I am still new to CUDA and I have a kernel which takes most of my computing time on the GPU, the NVIDIA Profiler measures 33% Occupancy with a register count of 50.
I can see why the register count is so high, but i have no idea how to reduce the amount of used registers. Is there anything I can do?
Welcome to the CUDA forums, Puffski!
In case you are not yet familiar with out new forum clown: Don’t bother following his advice. The compiler of course does it’s own register allocation, so such changes would not have any effect on the generated code.
And the old one’s duly reporting here too!! External Image
Well, the first thing you could try is of course the -maxregcount argument. Try -maxregcount 32 to limit the number of registers used per thread to 32.
This will probably introduce some register spillage. You can use shared memory to store some variable if it’s not used during a large interval, and then load it into a variable when you need to use the value again.
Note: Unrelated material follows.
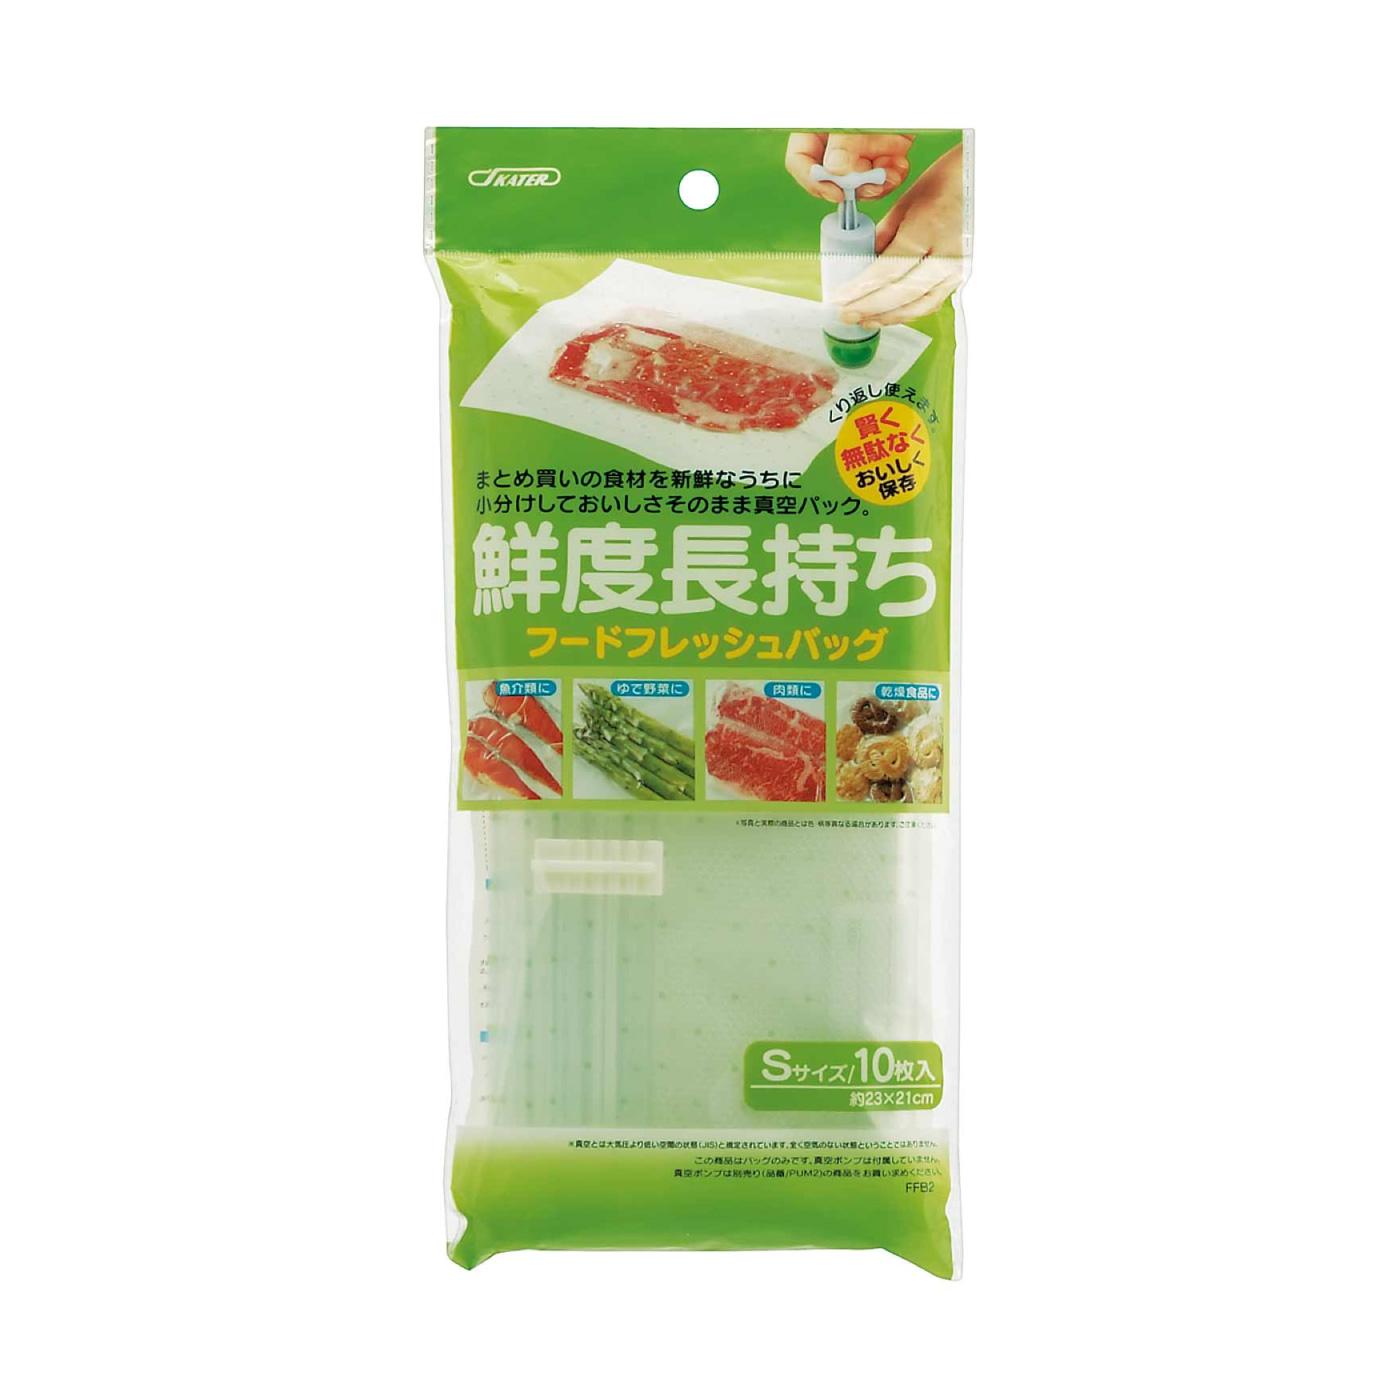 フェリシモ 真空パックで食品の鮮度を長持ちさせる!フードフレッシュバッグ Sサイズ10枚セット

This would help you bypass the L2 used by local memory, which is the default place for spilled registers.
I see that the 4 aa_bb variables would fit nicely into 16 bytes(2 double) of shared memory.
I guess with some reordering of your code things could be optimized further, but I’m having a hard time reading your code.
EDIT: try inlining the fabs functions. It produces longer code, but also gives the compiler greater freedom to optimize.
You’re using the index variables i and j a lot. Try declaring them as volatile int instead of just int. It forces the compiler to assign them to a register immediately. This works a treat on Compute Capability 1.x - I can’t guarantee that it will help also in your case.